Hai mai rischiato di morire?
Più volte. Tra risse, coltellate, agguati, anche sparatorie. Ma come ti dicevo prima queste cose non mi fanno paura perché sono sicuro che tutto è scritto, se deve succedere succede.

Di cosa hai paura?
Di tornare povero, di crescere mio figlio come sono cresciuto io.

C’è qualcosa che ti rende felice?
Le cose che mi sono mancate sempre da piccolo: una scarpa nuova, una vacanza. Quando ero bambino esistevano solo i soldi. Non voglio ripetere i discorsi che fanno tutti, ma quando ti manca tutto pensi solo ai soldi, a come averli. La vita era quella finché non ho iniziato a fare musica e da lì i primi viaggi, le prime vacanze, poter comprare qualcosa per mia madre o semplicemente poter star insieme ai miei amici senza l’ansia di non aver un soldo in tasca e di dover andare a vedere “questo” a “quello”. Solo a 18 anni ho scoperto davvero cosa era la vita. Chi ti dice che i soldi non fanno la felicità è un bugiardo! Se cresci senza avere niente e sei fissato solo con le cose materiali, poi quando fai i soldi e viaggi e conosci altra gente, altre lingue, capisci che è questa la vita. Ma a questo ragionamento ci arrivi solo quando hai i soldi, prima pensi solo a come farli.

In Levante dici di essere un maranza. È così?
Io non so neanche esattamente bene cosa voglia dire essere un maranza. Spesso mi dicono che sono “il più ascoltato dai maranza”. Bene, io allora sono un maranza che ti compra casa (citando il pezzo Levante, ndr).

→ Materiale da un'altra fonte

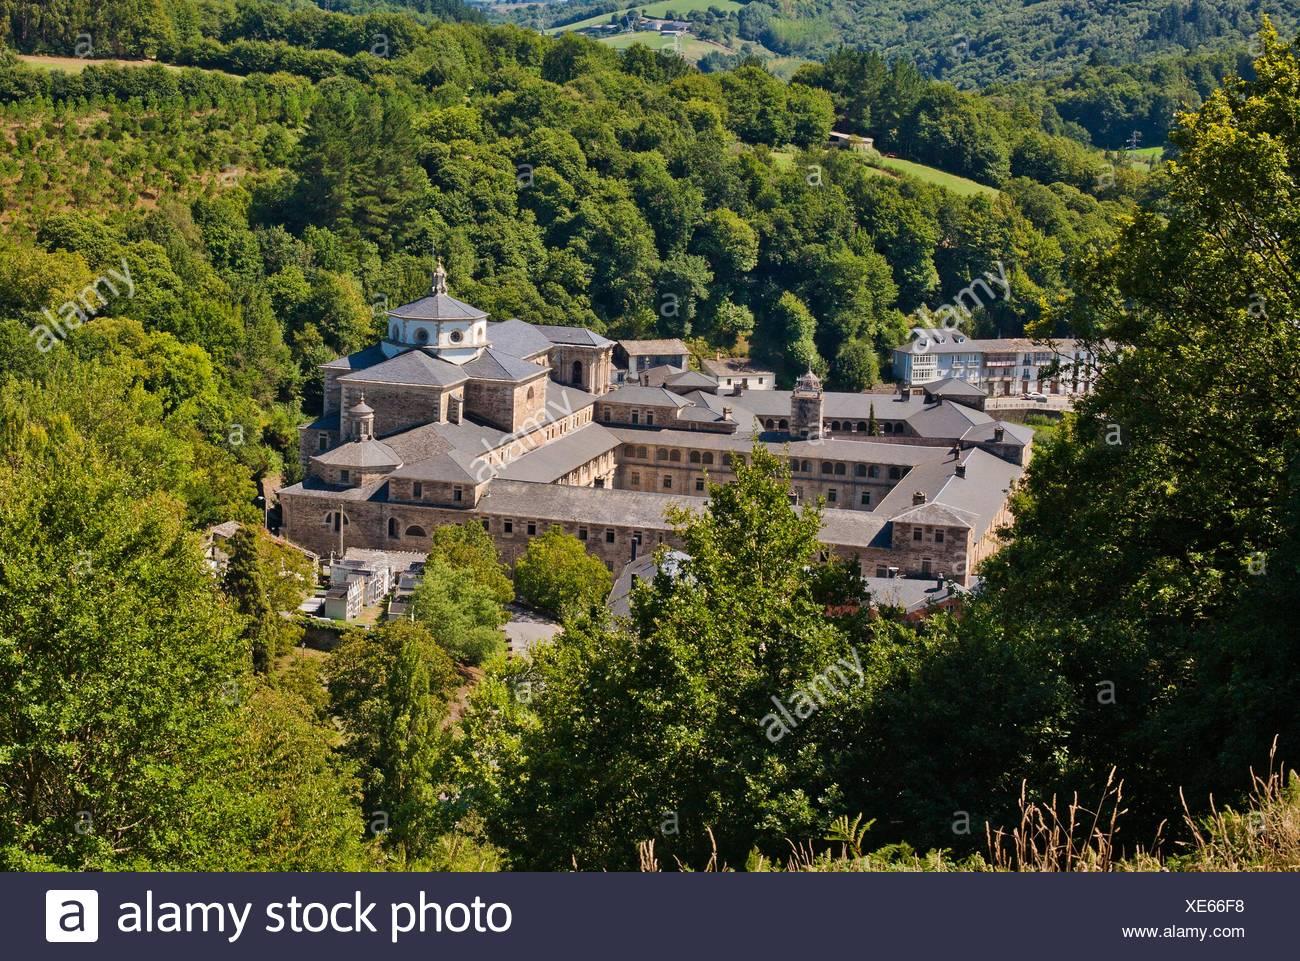 Monastery Of San Julian Samos Saint James Way Camino De Santiago French Way Lugo Province Galicia Spain Europe Stock Photo 284107916 Alamy

Ora ci sono molti rapper di seconda generazione che stanno avendo successo: tu, Baby, Neima Ezza e altri. Vi unisce questo? In che modo?
Come ti dicevo, io non mi considero neanche un rapper, non sono un rapper, solo uno che ha vissuto delle cose e le racconta. Poi ora è diventato un lavoro, ma io non faccio parte dei rapper. Anche perché molti di loro raccontano cose che non fanno.

Hai annunciato il tuo primo album, Tunnel, che uscirà il 5 gennaio. Cosa puoi dirci? Ci saranno ospiti nel disco?
È un viaggione di 16 tracce, ci tengo molto. E sì, ci saranno ospiti importanti. Ma non ti dico altro.